An audiologist may be awarded the Certificate of Clinical Competence in Audiology by the American Speech-Language-Hearing Association (ASHA), otherwise known as the CCC-A. With additional training and expertise, the audiologist may receive the honor of Fellow, which is bestowed by the American Academy of Audiology (AAA).
What Types of Tests and Treatments do Audiologists Perform?
Common services and treatments provided by an audiologist include:
- Diagnostic hearing tests and evaluations
- Audiologic evaluations
- Hearing aid fitting and consultation
- Hearing aid repairs and maintenance
- Pediatric hearing loss detection and treatment
- Hearing conservation and protection programs
- Earmold and earplug fitting and consultation
- Musicians earplugs and monitors
- Tinnitus treatment programs
- Dizziness and balance testing and treatment
- Ear or hearing-related surgical monitoring in hospital settings
- Hearing rehabilitation and auditory training
- Assisting in cochlear implant programs
- Insurance billing for medically necessary diagnostic testing and hearing aids, when patients have policies that cover these benefits
How Do I Know if I Have Hearing Loss?
If you think you or a loved one may have hearing loss, you are not alone. Oftentimes people notice signs of hearing loss but do not take the steps to get it treated right away. Typically, it takes people an average of seven years to seek treatment. You may have hearing loss if:
- You hear people speaking but you have to strain to understand their words.

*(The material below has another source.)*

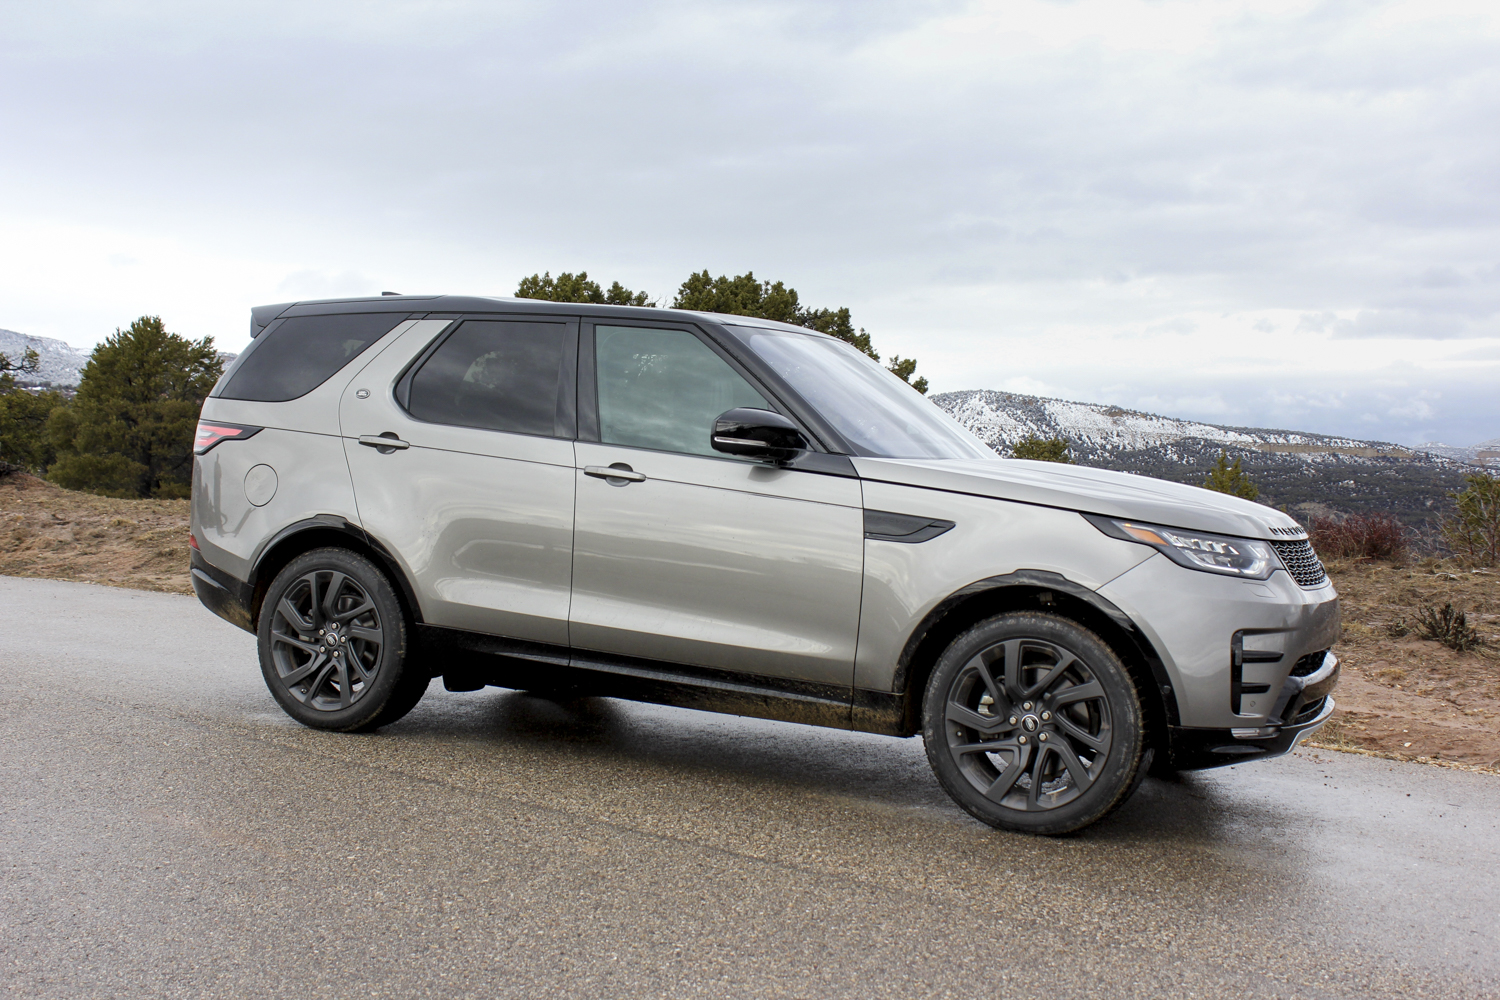 2017 land rover discovery first drive landrover review 000019

- You frequently ask people to repeat what they said.
- You don’t laugh at jokes because you miss too much of the story or the punch line.

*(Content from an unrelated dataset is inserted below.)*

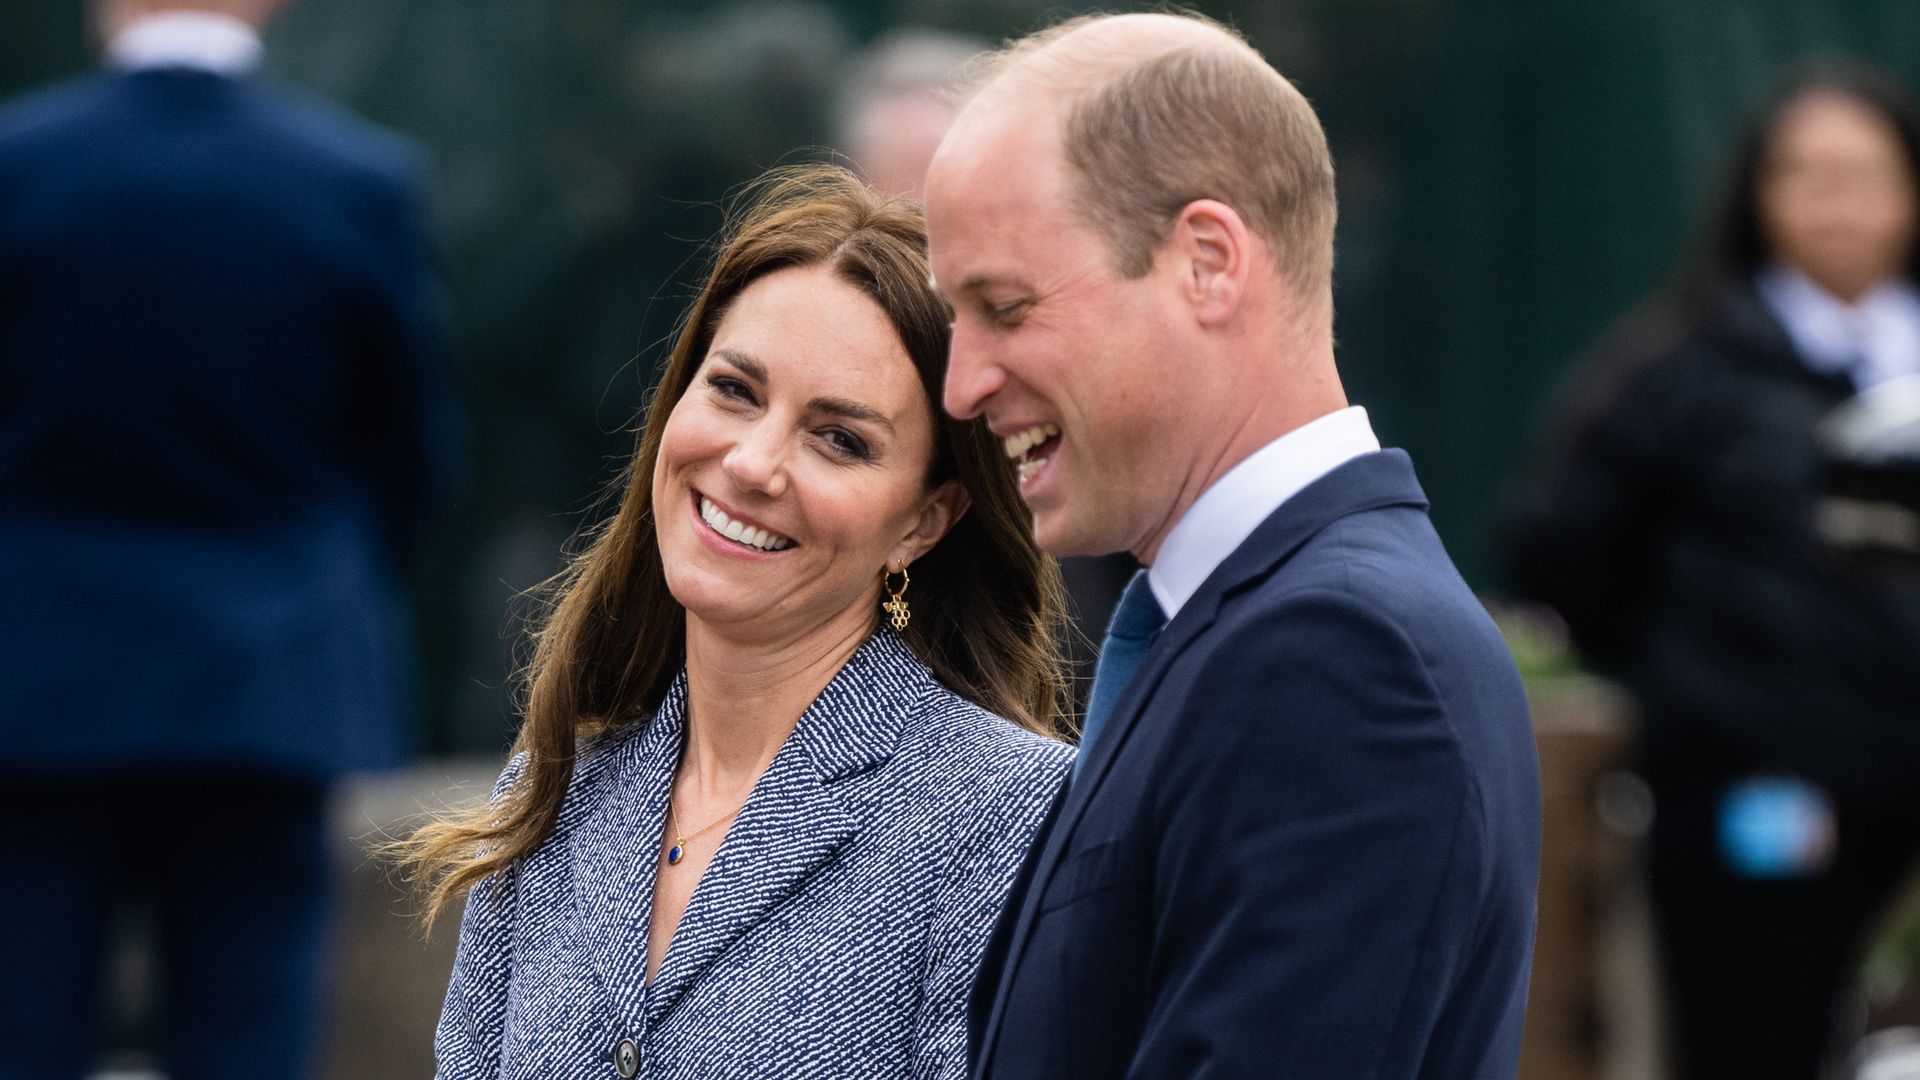 Prince William and Kate Middleton talk to crowds

- You frequently complain that people mumble.
- You need to ask others about the details of a meeting you just attended.
- You play the TV or radio louder than your friends, spouse and relatives.
- You cannot hear the doorbell or the telephone.
- You find that looking at people when they speak to you makes it easier to understand.
- You miss environmental sounds such as birds or leaves blowing.
- You find yourself avoiding certain restaurants because they are too noisy, or certain people, because you cannot understand them.
- You hear a ringing sound in your ears, especially when it is quiet.
What Causes Hearing Loss?
Hearing loss can be due to several factors such as the aging process, exposure to loud noise, medications, infections, head or ear trauma, congenital (birth) or genetic factors, diseases, as well as a number of other causes. Recent data shows that about 20 percent of adults in the United States (48 million) report some degree of hearing loss. Hearing loss often occurs gradually throughout a lifetime.
How is Hearing Loss Diagnosed?
If you have any symptoms of hearing loss, you should see an audiologist to have a formal hearing evaluation. This hearing test, or audiologic evaluation, is diagnostic in nature and allows the audiologist to determine the type, nature and degree of your hearing loss. Your sensitivity, acuity and accuracy to speech understanding will be assessed as well. Your audiologist may also test for speech understanding at different volume levels and in different conditions, such as noise, to provide an indication as to how successful of a candidate you will be for hearing aids.
The hearing evaluation will also include a thorough case history and a visual inspection of the ear canal and eardrum. Additional tests of middle ear function may also be performed. The results of the evaluation can be useful to a physician, if the audiologist believes your hearing loss may benefit from medical intervention.
Results of the hearing evaluation are plotted on a graph called an audiogram. The audiogram provides a visual view of your hearing test results across various pitches or frequencies, especially the ones necessary for understanding speech.
The audiogram and results from your speech understanding tests are used to create a prescription by which hearing aids are programmed, if necessary.
What are the Different Degrees of Hearing Loss?
After you undergo a hearing evaluation, the results are plotted on a chart called an audiogram. Loudness is plotted from top to bottom. The top of the graph is very quiet and the bottom of the graph is very loud. Frequency, or pitch, from low to high, is plotted from left to right. Hearing level (HL) is measured in decibels (dB) and is described in general categories, not by percentages. The general hearing loss categories used by most hearing professionals are as follows:
- Normal hearing (0 to 25 dB HL)
- Mild hearing loss (26 to 40 dB HL)
- Moderate hearing loss (41 to 70 dB HL)
- Severe hearing loss (71 to 90 dB HL)
- Profound hearing loss (greater than 91 dB HL)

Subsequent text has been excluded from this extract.